Thu Dec 13, 2007 11:29am EST

(Reuters) - U.N. prosecutor Carla del Ponte is about to bow out after eight years as the world's most powerful criminal lawyer.

World

Del Ponte helped the U.N. war crimes tribunal for the former Yugoslavia bring scores of suspects to court and became a champion of victims seeking justice.

Here are key details on Del Ponte.

* ROAD TO YUGOSLAVIA:

-- Born in Lugano on February 9, 1947, Del Ponte learned English in London before studying law in Berne and Geneva.

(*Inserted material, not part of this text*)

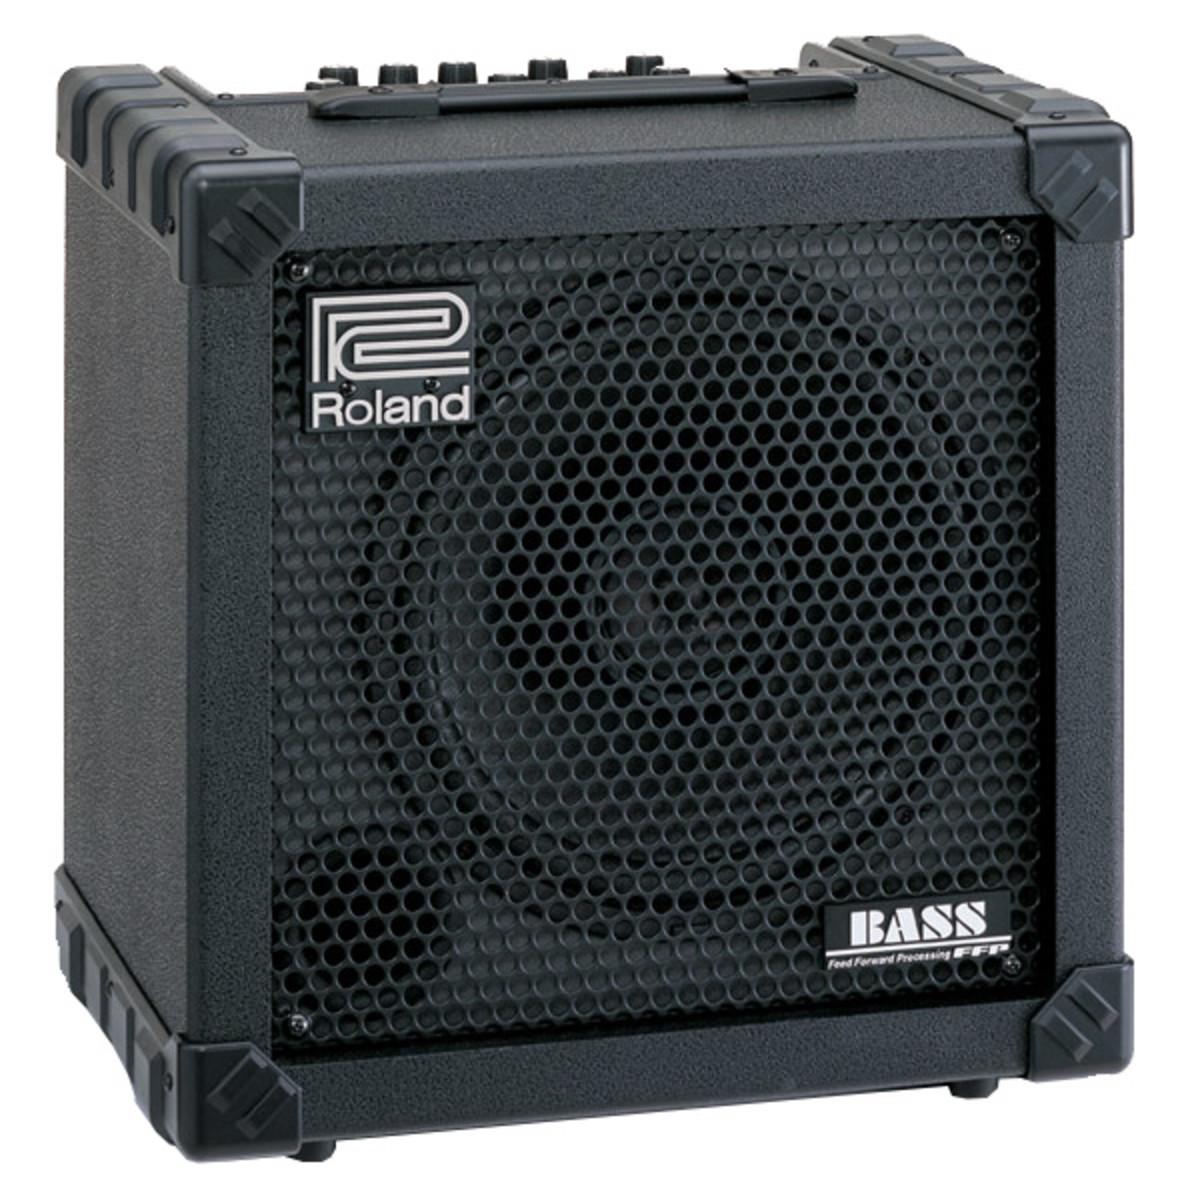 disc roland cube 30 bass bass amp at gear4music. Black Bedroom Furniture Sets. Home Design Ideas
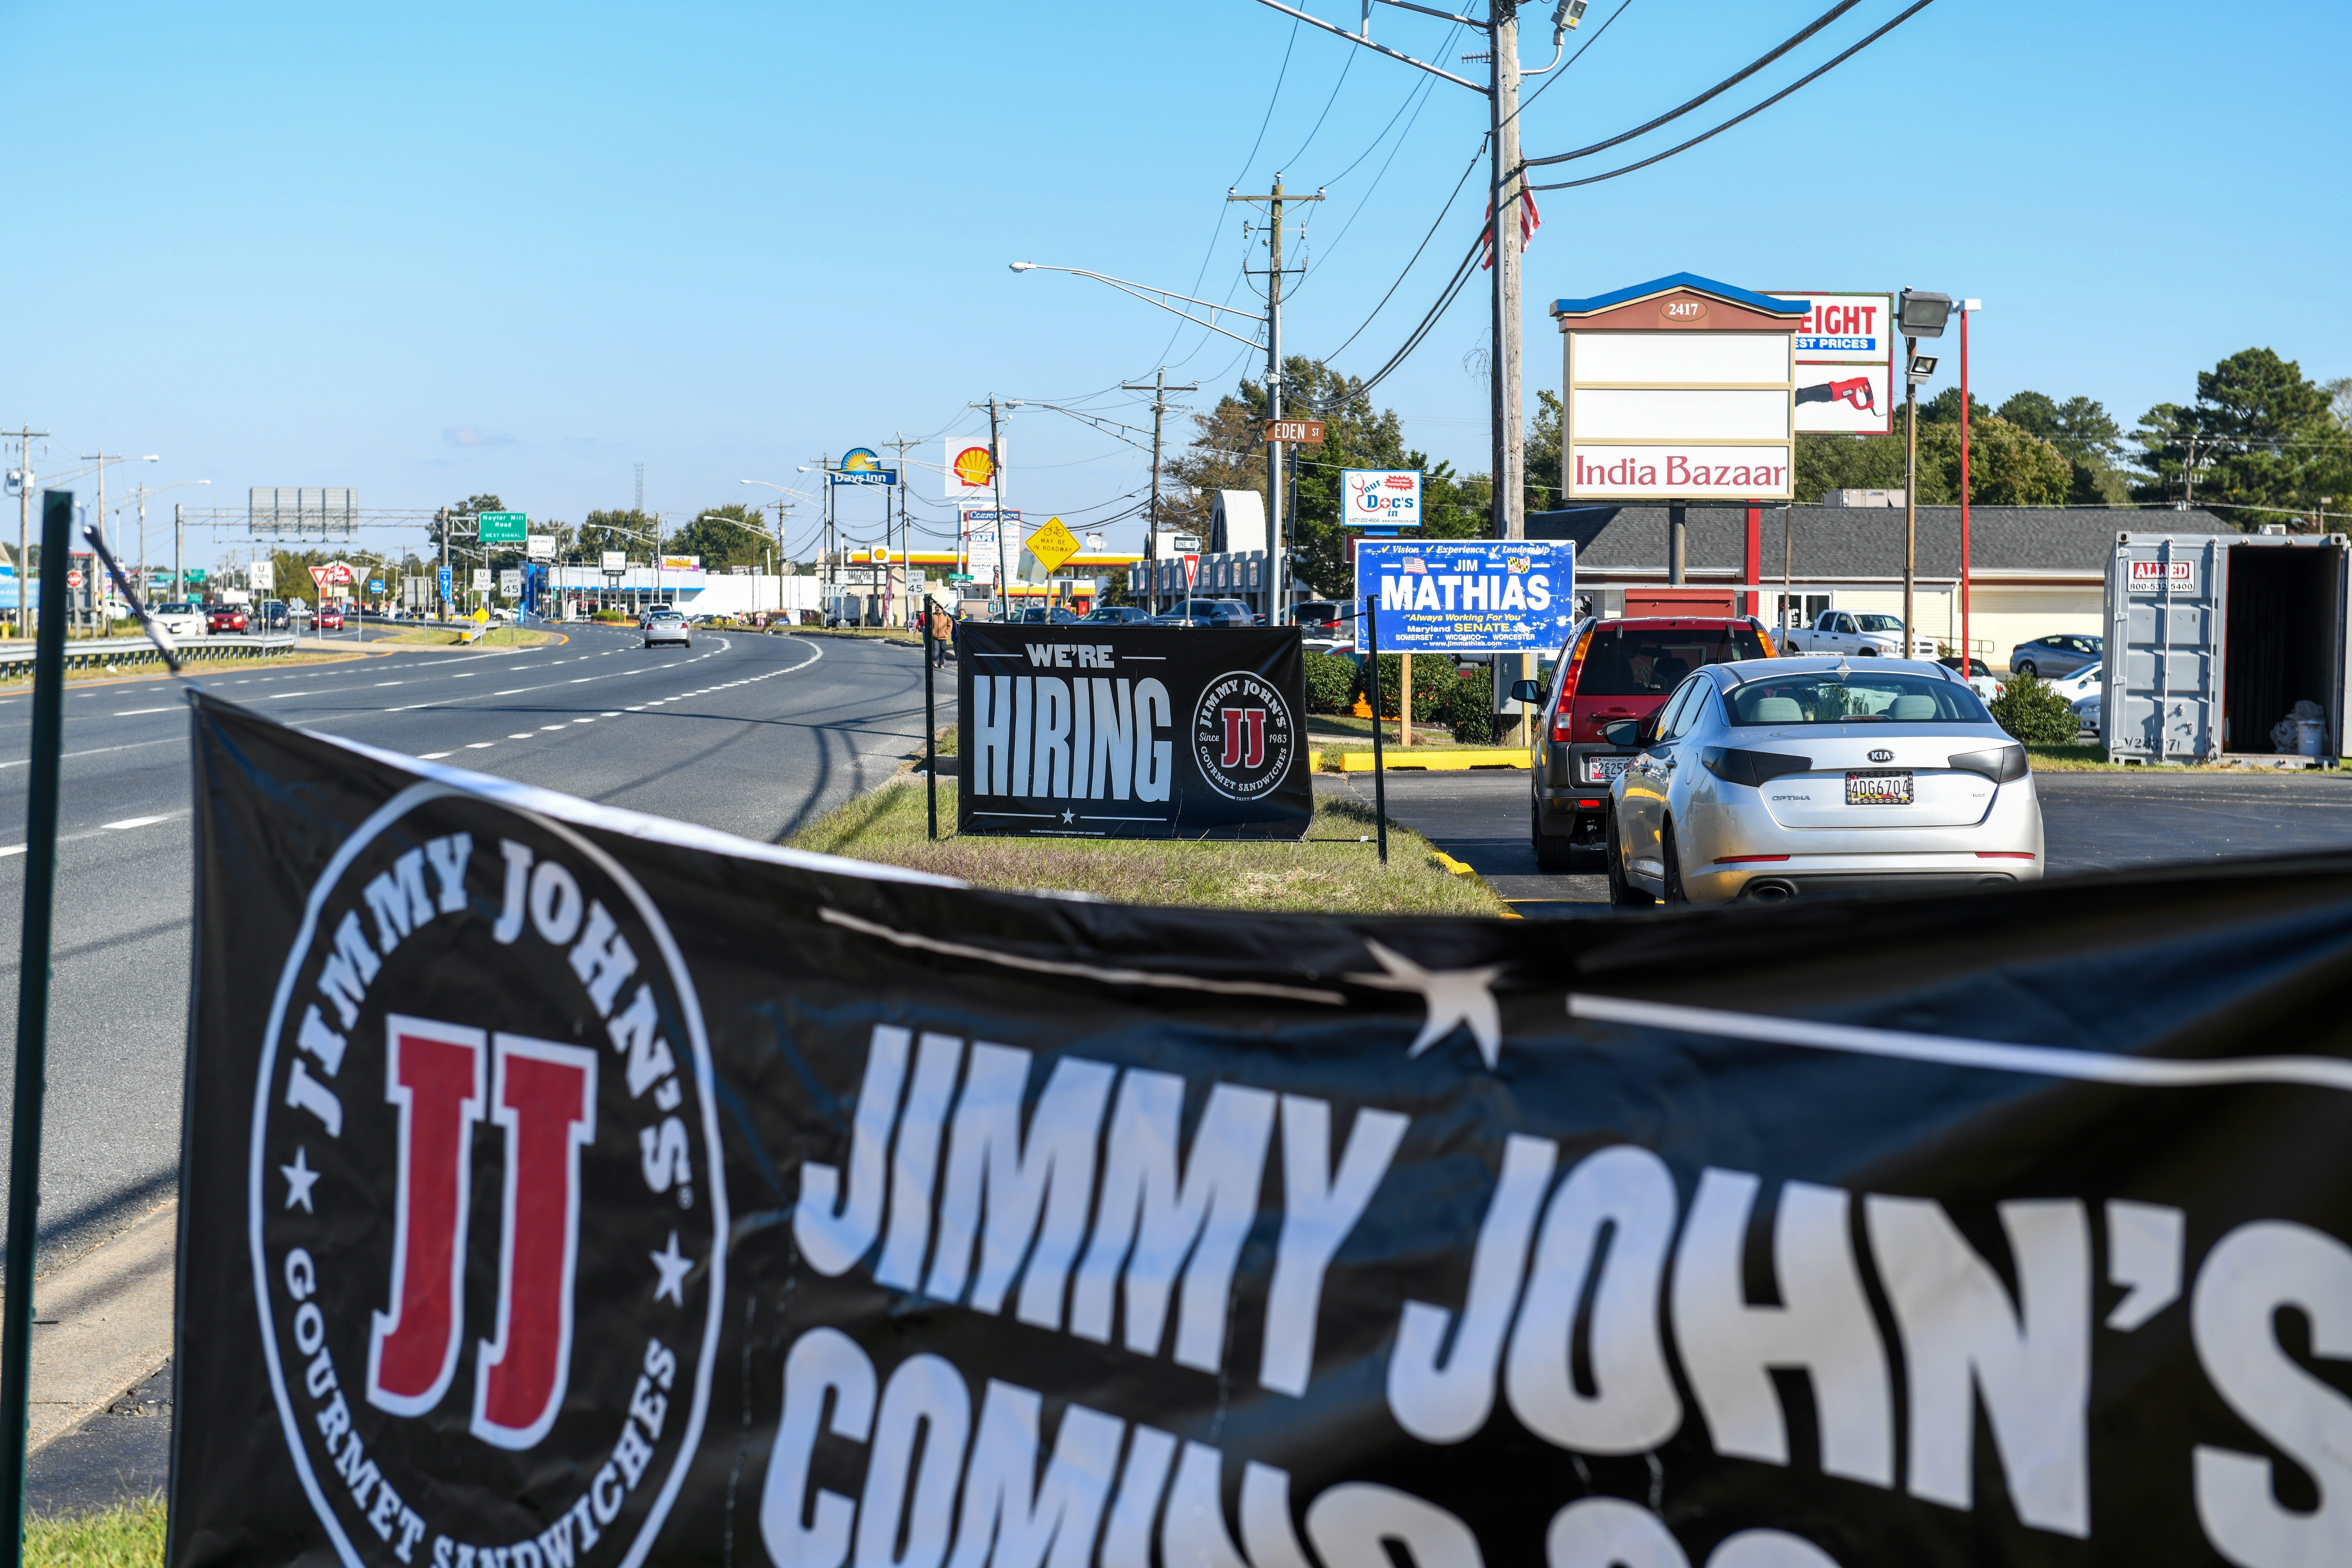 WATCH: New Jimmy John's coming to Salisbury

She started a law career in her home town in 1975.

-- She became an investigating magistrate in 1981 and later joined the public prosecutor's office in Lugano. Del Ponte forged close links with Italian anti-Mafia judges like Giovanni Falcone and escaped a Sicily bomb attempt in 1989 while working with him. The Mafia blew up Falcone in 1992.

-- She took shooting lessons after Falcone was killed, but vowed never to carry a gun. She became Switzerland's top prosecutor in 1994, chasing the dirty money of cocaine cartels and indicting former Pakistan PM Benazir Bhutto for money laundering. She also froze assets of Italian suspects, including former Prime Minister Bettino Craxi.

* INTERNATIONAL CRIMINAL TRIBUNAL:

-- Del Ponte's style has not been to everyone's taste. Colleagues at the International Criminal Tribunal for former Yugoslavia went misty-eyed at the mention of her predecessor, Canadian Louise Arbour, from whom she took over in September 1999.

-- Where Arbour was a master of diplomatic persuasion, Del Ponte's from-the-hip salvoes ignore subtle political realities, some insiders have said.

-- Of the 161 people the court has indicted only four remain at large, two of them -- Bosnian Serb wartime leader Radovan Karadzic and his military chief Ratko Mladic -- are accused of genocide.

-- The high point for Del Ponte was the arrest of former Yugoslav President Slobodan Milosevic. His death in custody in 2006 before a verdict was her biggest defeat.